Let $I$ be an indexing set.

Let $\left\langle {\left({Y_i, \tau_i}\right)} \right\rangle_{i \mathop \in I}$ be an $I$-indexed family of topological spaces.

Let $\left\langle {f_i: Y_i \to X} \right\rangle_{i \mathop \in I}$ be an $I$-indexed family of mappings.

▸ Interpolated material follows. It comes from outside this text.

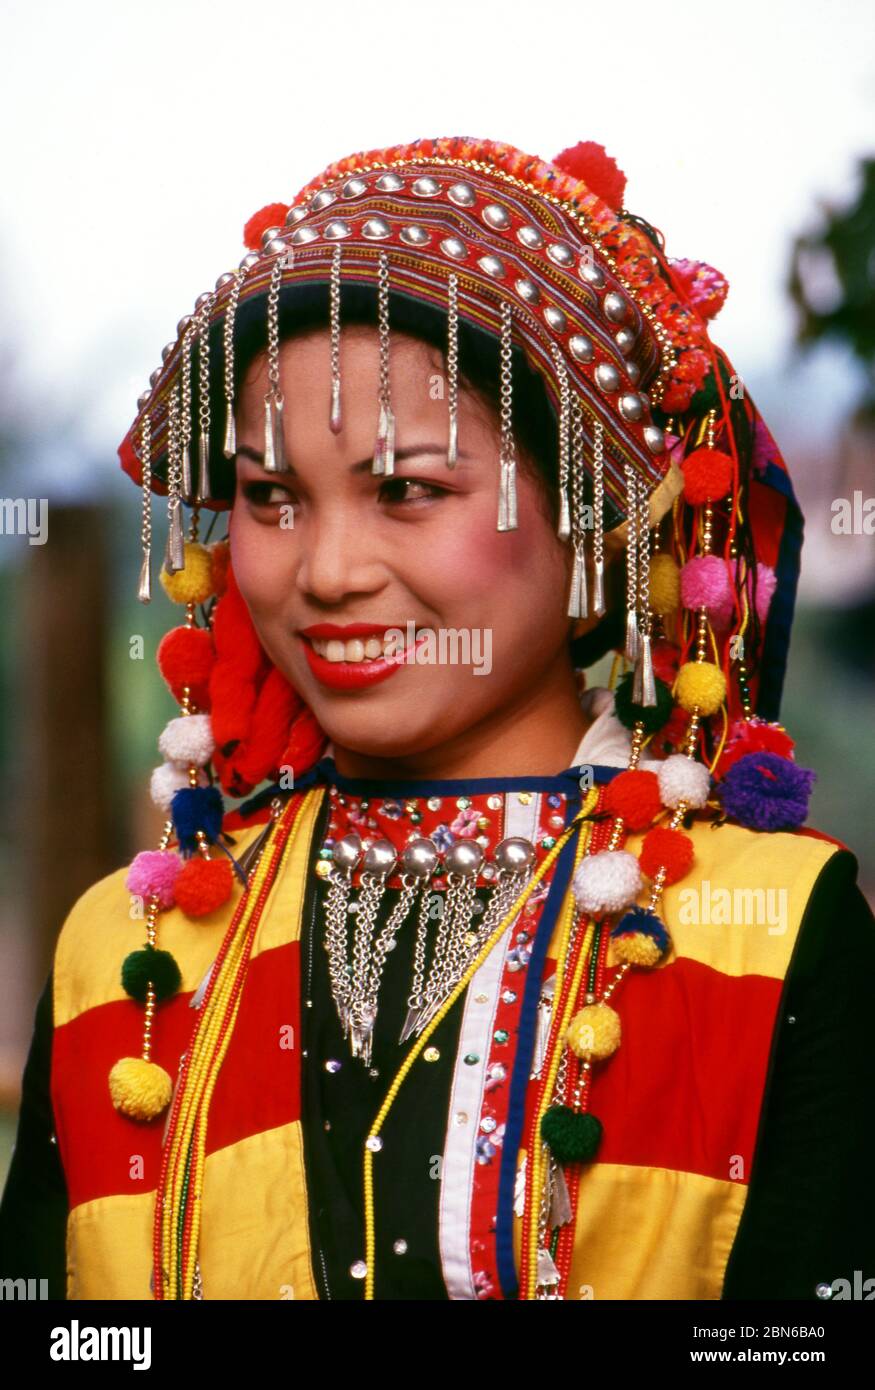 Burma / Myanmar: Lisu woman in traditional costume, Manhkring, Myitkyina, Kachin State.  The Lisu people (Lìsù zú) are a Tibeto-Burman ethnic group wh Stock Photo

Then $\tau$ is a topology on $X$.

## Proof

Define:

$\forall i \in I: \vartheta_i = \left\{{U \subseteq X: f_i^{-1} \left({U}\right) \in \tau_i}\right\} \subseteq \mathcal P \left({X}\right)$

Then, by the definition of intersection:

$\displaystyle \tau = \bigcap_{i \mathop \in I} \vartheta_i$

From the Intersection of Topologies is Topology, it suffices to show, for all $i \in I$, that $\vartheta_i$ is a topology on $X$.

We now verify the axioms for $\vartheta_i$ to be a topology on $X$.

### $({O1})$: Union of Open Sets

Let $\mathcal A \subseteq \vartheta_i$.

Then, by Preimage of Union under Mapping: General Result and by the definition of a topology, it follows that:

$\displaystyle f_i^{-1} \left({\bigcup \mathcal A}\right) = \bigcup_{U \mathop \in \mathcal A} f_i^{-1} \left({U}\right) \in \tau_i$

That is, $\displaystyle \bigcup \mathcal A \in \vartheta_i$.

$\Box$

### $({O2})$: Pairwise Intersection of Open Sets

Let $U, V \in \vartheta_i$.

Then, by Preimage of Intersection under Mapping and by the definition of a topology, it follows that:

$f_i^{-1} \left({U \cap V}\right) = f_i^{-1} \left({U}\right) \cap f_i^{-1} \left({V}\right) \in \tau_i$

That is, $U \cap V \in \vartheta_i$.

$\Box$

### $({O3})$: Set Itself

By the definition of a topology, it follows that:

$f_i^{-1} \left({X}\right) = Y_i \in \tau_i$

That is, $X \in \vartheta_i$.

$\blacksquare$